Directions for this task
Output only the lines below that start at the line containing "GMC 2019 Yukon SLT Standard Edition" and end at the line containing "House Doctor Kufřík", with both ends kept.

Exercise material
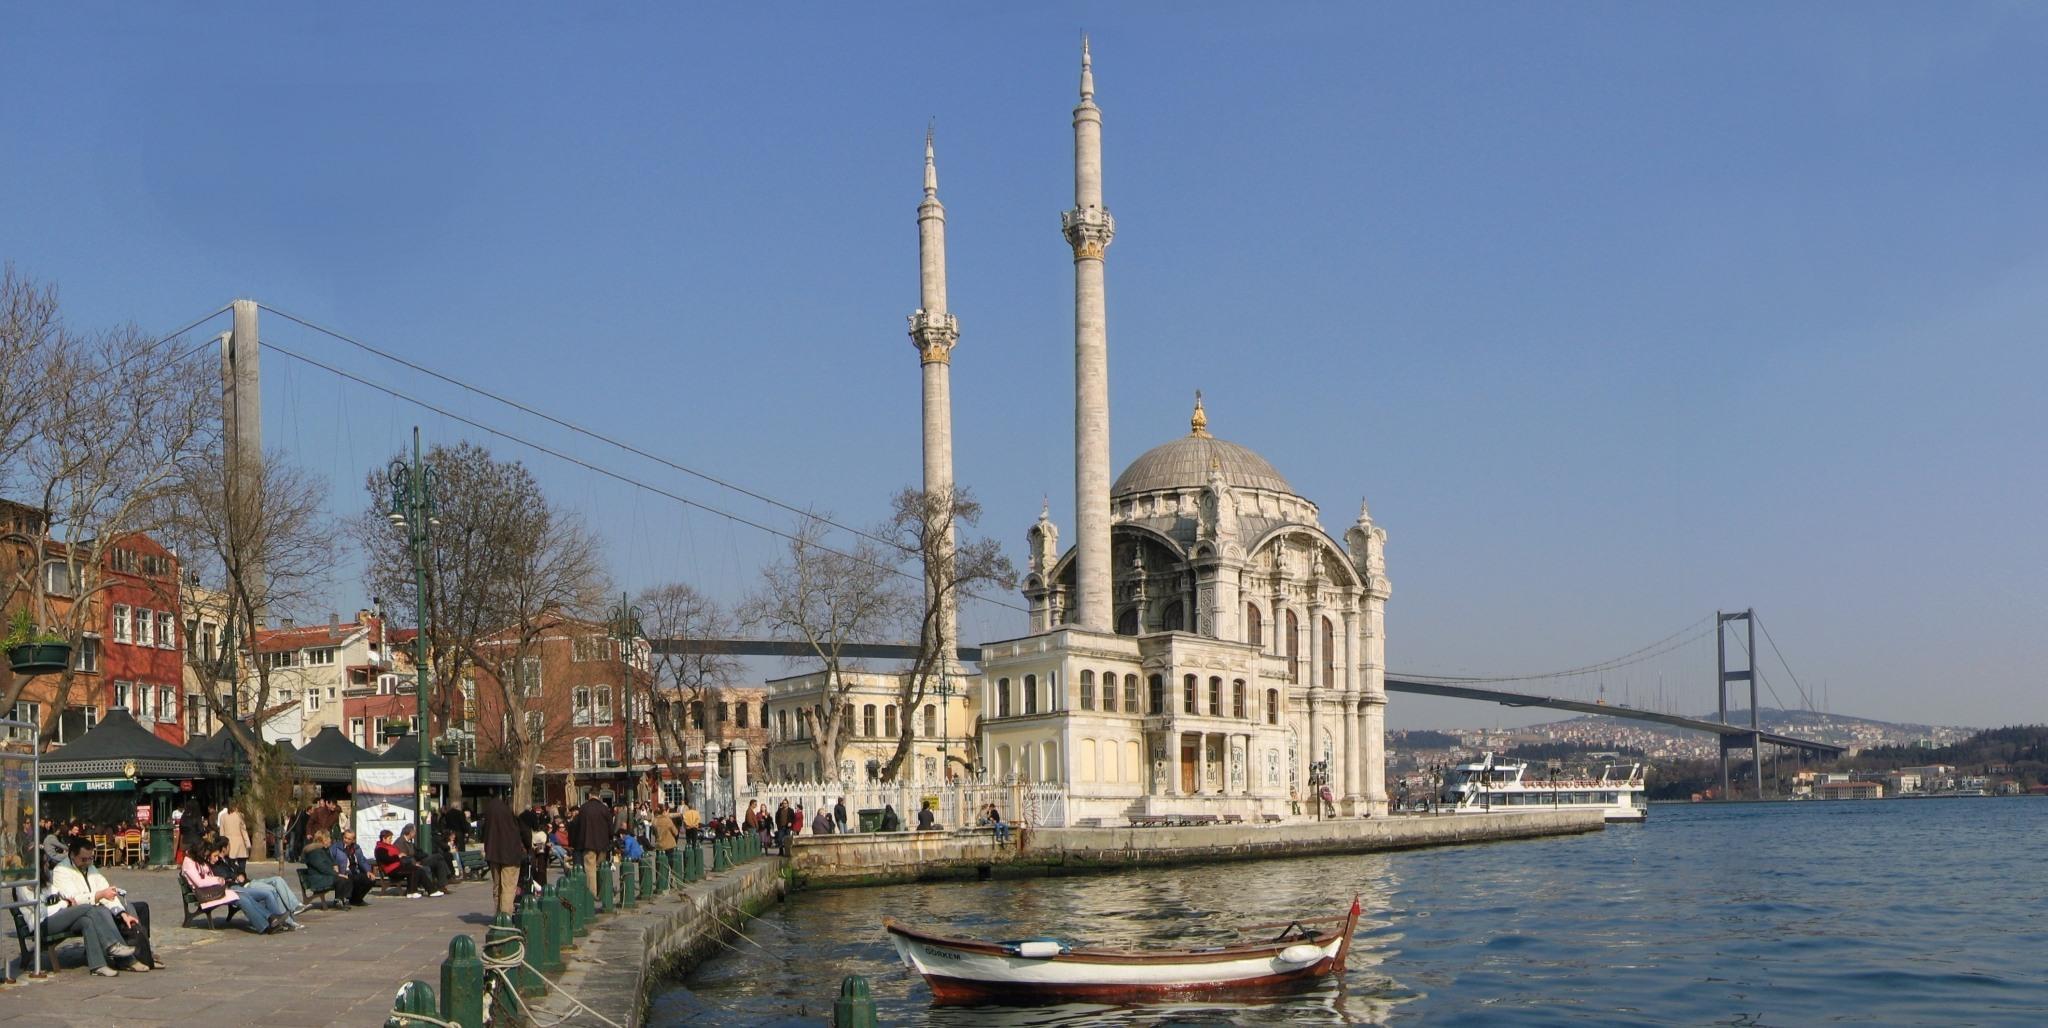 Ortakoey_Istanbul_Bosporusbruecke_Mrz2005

--

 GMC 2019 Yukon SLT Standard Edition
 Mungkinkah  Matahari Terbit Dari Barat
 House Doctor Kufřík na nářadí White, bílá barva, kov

Answer space
 GMC 2019 Yukon SLT Standard Edition
 Mungkinkah  Matahari Terbit Dari Barat
 House Doctor Kufřík na nářadí White, bílá barva, kov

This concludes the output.